Abstract

Engineering equipment in medicine, chemical and power engineering, electronics, and other human endeavours use nanofluids. The ability to improve mass and heat transport because of the low concentration of nanoparticles is the primary driver behind the vast array of nanofluid applications. Thus, the famous problems of viscous, incompressible, Newtonian, and 2-D laminar flow are revisited to investigate the mass and heat transmission rates for water-based carbon nanotubes (CNTs) with variable magnetic fields and external pressure gradients. Flow cases considered with varying pressure gradients are the flows upon a flat plate, flow in a planar diverging and converging channel, flow over a wedge, and plane stagnation flows, which are investigated. The impressions of thermophoresis and Brownian motion parameters are examined through the Buongiorno model. Using the Görtler transformation, the leading boundary layer (BL) equations are converted into dimensionless forms of ordinary differential equations (ODEs).
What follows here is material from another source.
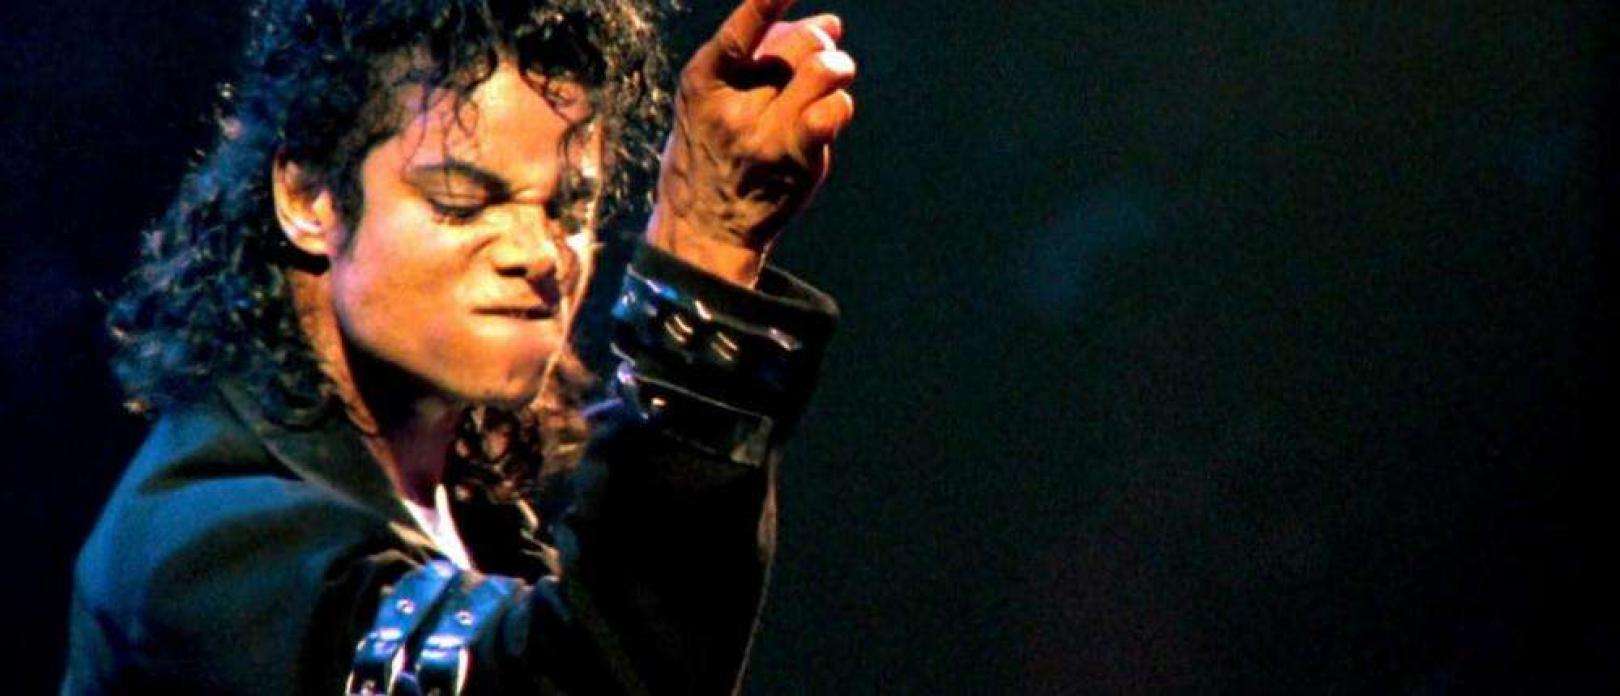 L'exposition phare du Grand Palais consacrée à Michael Jackson

Runge-Kutta Fehlberg Method (RKF45) is operated to tackle the ensuing ODEs to find the mass, heat, and skin friction rates. It has been found that the rates of shear stress, mass, and heat transport slow down with an escalating magnetic field. Although mass transport rates are decreased, shear stress and heat transport (HT) rates escalate due to the solid volume portion of carbon nanotubes. Furthermore, the pressure gradient parameter facilitates faster heat and shear stress transmission rates.